The T65 (聯勤 Type 65) is an assault rifle developed and manufactured by the Combined Logistics Command of the Republic of China (Taiwan) Armed Forces of Taiwan. Originally patterned after the Armalite AR-18 that has a short-stroke gas system, the prototype unveiled in 1975 showed a rifle that is heavily influenced by the AR-15 family of rifles, albeit with modified iron sights, a reshaped stock, and redesigned handguards. The designated number '65' refers to the Year 65 of the Republic of China (Taiwan) (1976), the year the rifle's design was finalized.

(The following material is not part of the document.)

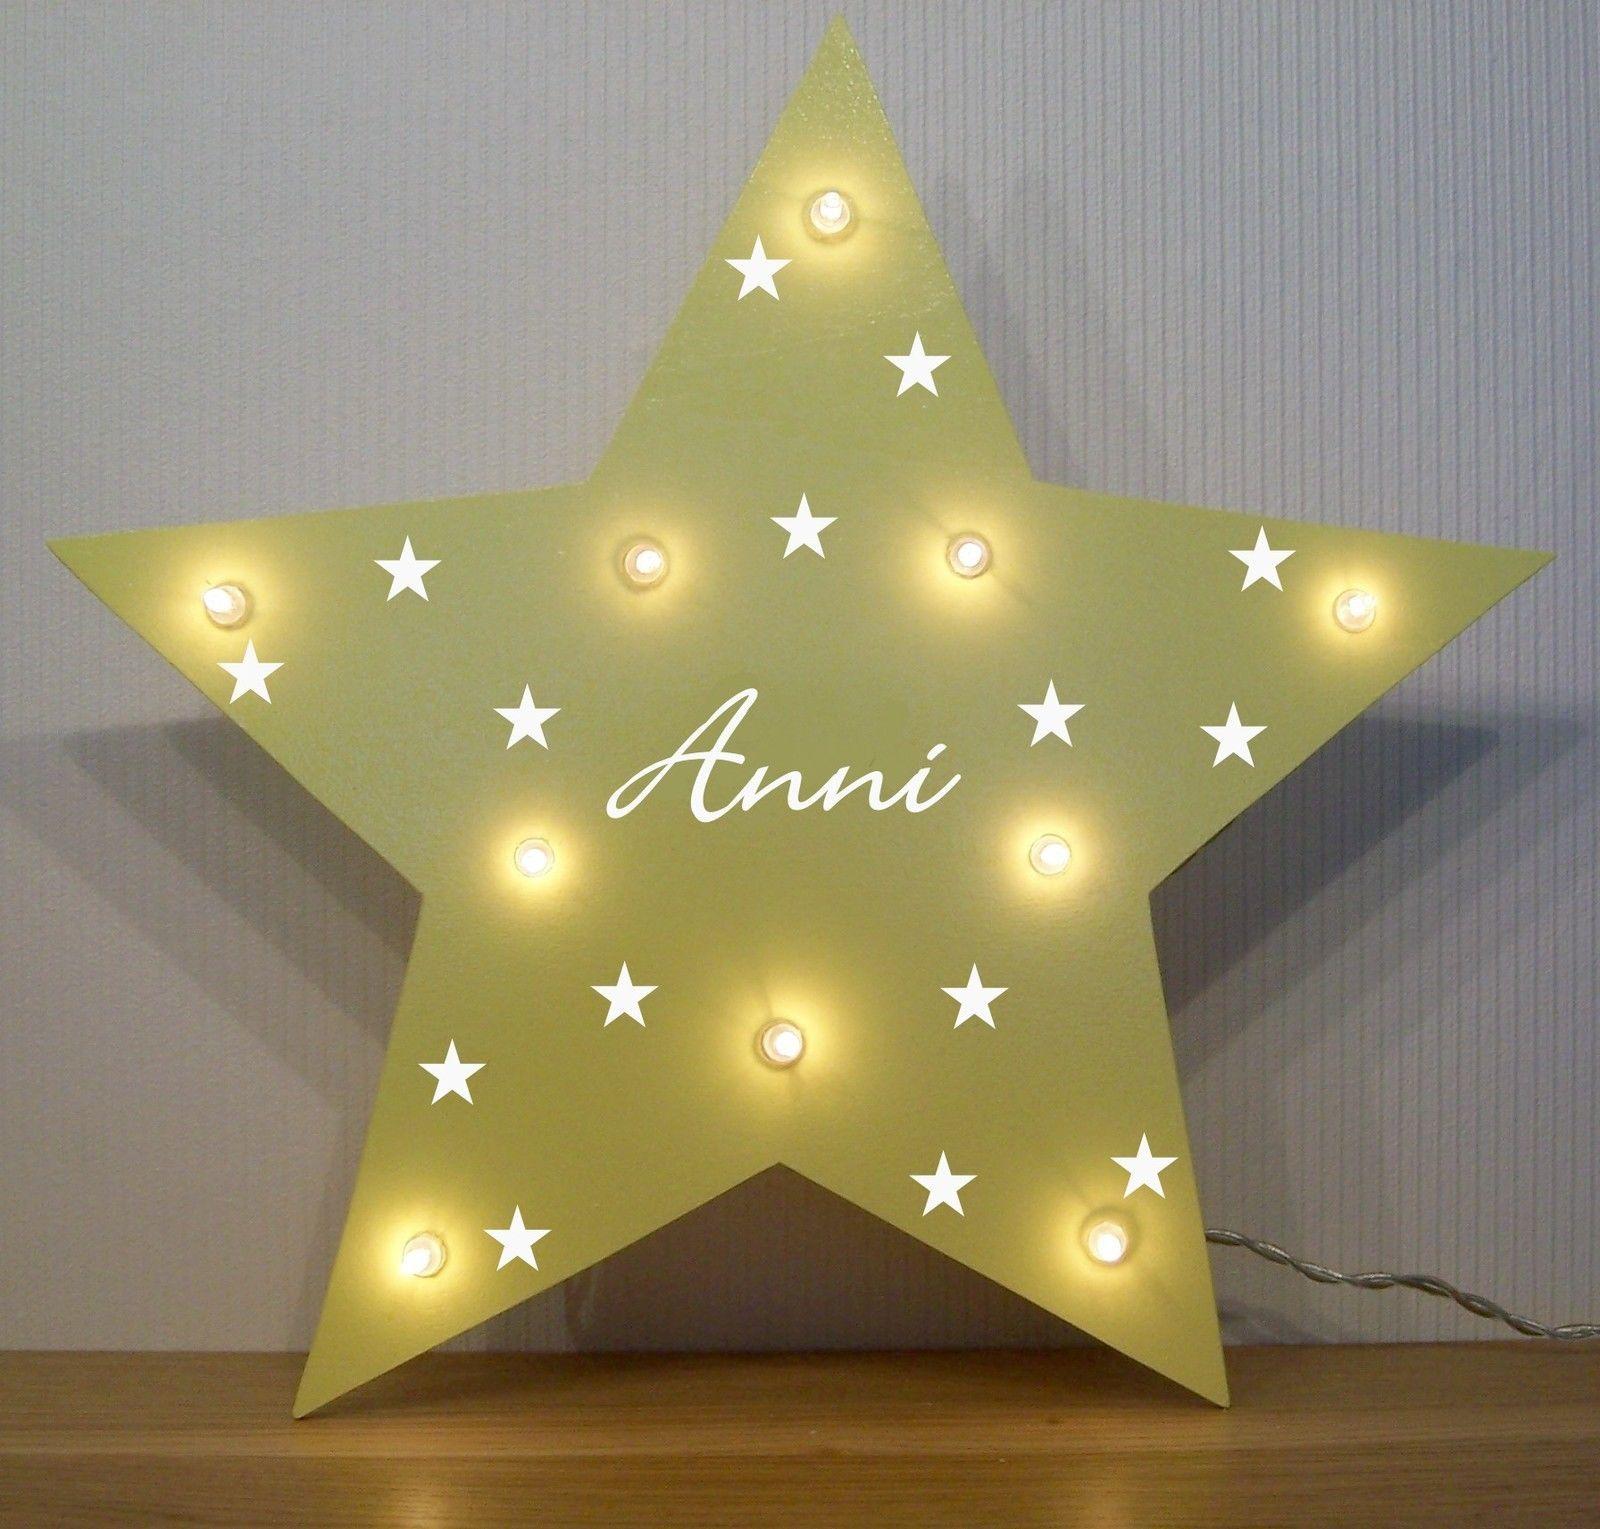 Nachtlicht Kleine Sterne Lampe Geschenk Baby Geburt Taufe Personalisiert Led Ebay Wohnideen Dekoration Geschenke Nachtlicht Kinderzimmer

The T65 series served as the standard issue weapon for front-line usage of the Republic of China (Taiwan) Army and the Republic of China (Taiwan) Marine Corps until being replaced by the more technologically advanced T91 in the early 2000s. T65 rifles are currently used by Taiwan’s Army Reserves, Army Basic Training Centers, Air Force and the Taiwan National Police Agency.

==History==
The T65 assault rifle was developed to replace M14 rifles imported from the United States. Reports on the original T65 rifle suggested that it performed poorly, but was later improved and became the T65K2.
Experience with the T65 later led to the development of the T86 carbine, followed by the T91 carbine.

==Design==
The T65 assault rifle is a gas operated, select fire rifle. It uses an AR-15 style two-part aluminum receiver and similar rotating bolt action, although the gas system is a short-stroke gas piston, compared with the AR-15's direct gas impingement system. The piston is located above the barrel and concealed within the handguards. The T65 design replaced the carrying handle of M16 pattern rifles with a rear sight block. The carrying handle returned with the T65K2 (but was removable on the T91 carbine). The T65 uses magazines compatible with AR-15 pattern rifles.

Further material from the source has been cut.